Resident Endothelial Precursors in Muscle, Adipose, and Dermis Contribute to Postnatal Vasculogenesis

Guillaume Greniera, Anthony Scimèa, Fabien Le Granda, Atsushi Asakuraa, Carolina Perez-Iratxetaa, Miguel A. Andrade-Navarroa, Patricia A. Laboskyb, Michael A. Rudnickia

aSprott Centre for Stem Cell Research, Ottawa Health Research Institute, Ottawa, Ontario, Canada;
bVanderbilt Center for Stem Cell Biology, Vanderbilt University, Nashville, Tennessee, USA

Key Words. Vasculogenesis • Endothelial precursors • Sca1 • Skeletal muscle

Correspondence: Michael A. Rudnicki, Ph.D., Sprott Centre for Stem Cell Research, Ottawa Health Research Institute, 501 Smyth Road, Ottawa, Ontario K1H 8L6, Canada. Telephone: 613-739-6737; Fax: 613-737-8803; e-mail: mrudnicki{at}ohri.ca

Received December 20, 2006; accepted for publication August 14, 2007.
First published online in STEM CELLS EXPRESS   September 6, 2007.

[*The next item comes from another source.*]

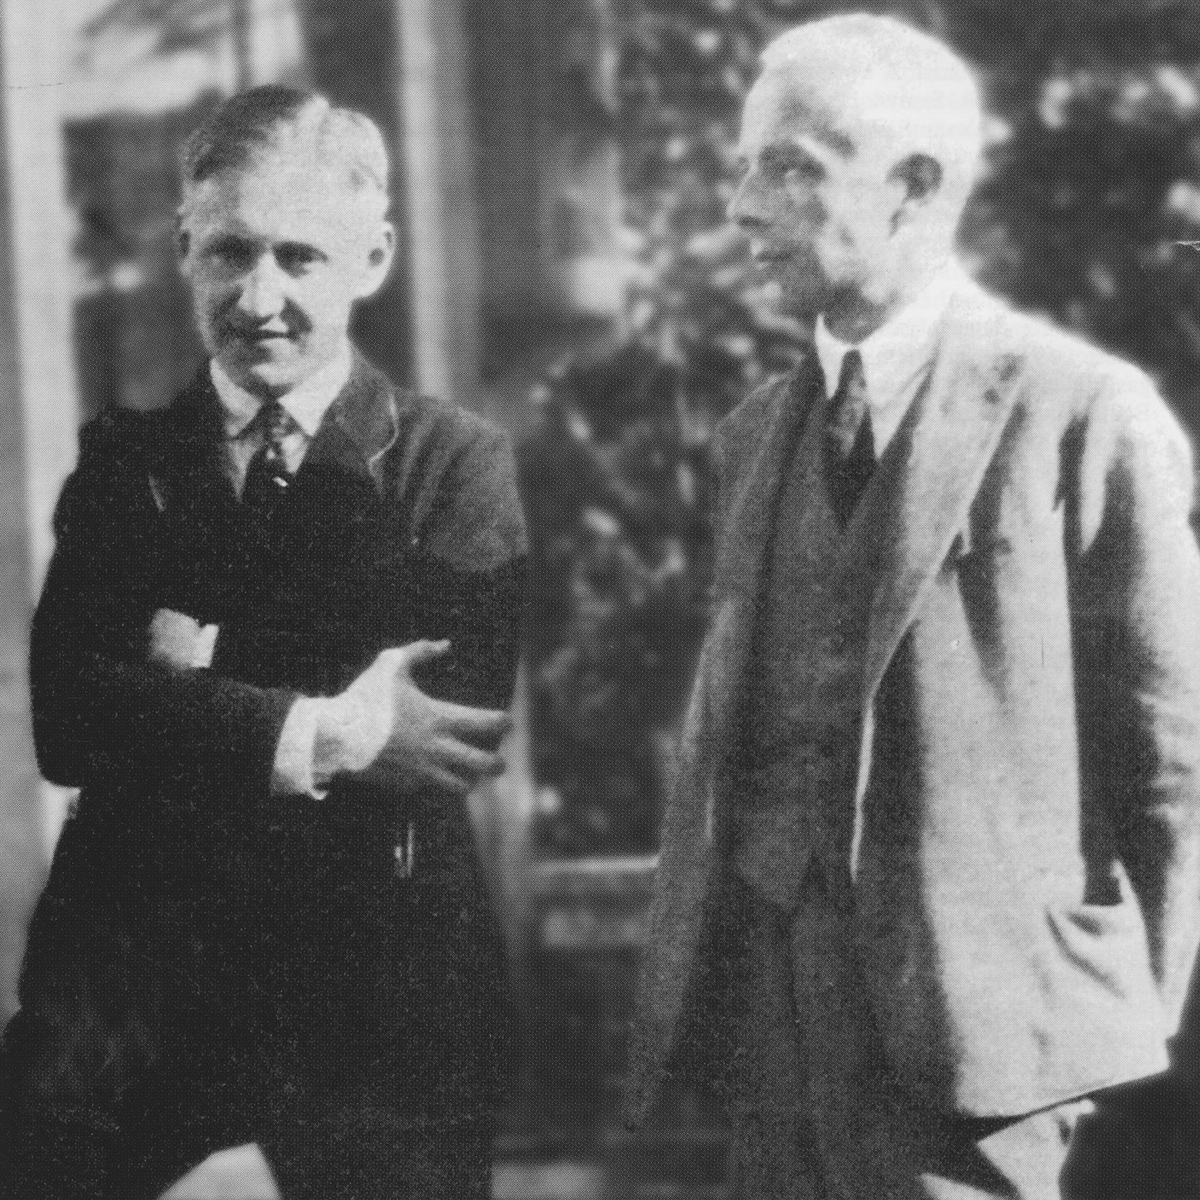 Zoltàn Székely et Béla Bartòk, lieu, date et photographe inconnus

A novel population of tissue-resident endothelial precursors (TEPs) was isolated from small blood vessels in dermal, adipose, and skeletal muscle of mouse based on their ability to be grown as spheres. Cellular and molecular analyses of these cells revealed that they were highly related regardless of the tissue of origin and distinct from embryonic neural stem cells. Notably, TEPs did not express hematopoietic markers, but they expressed numerous characteristics of angiogenic precursors and their differentiated progeny, such as CD34, Flk-1, Tie-1, CD31, and vascular endothelial cadherin (VE-cadherin). TEPs readily differentiated into endothelial cells in newly formed vascular networks following transplantation into regenerating skeletal muscle. Taken together, these experiments suggest that TEPs represent a novel class of endothelial precursors that are closely associated with small blood vessels in muscle, adipose, and dermal tissue. This finding is of particular interest since it could bring new insight in cancer angiogenesis and collateral blood vessels developed following ischemia.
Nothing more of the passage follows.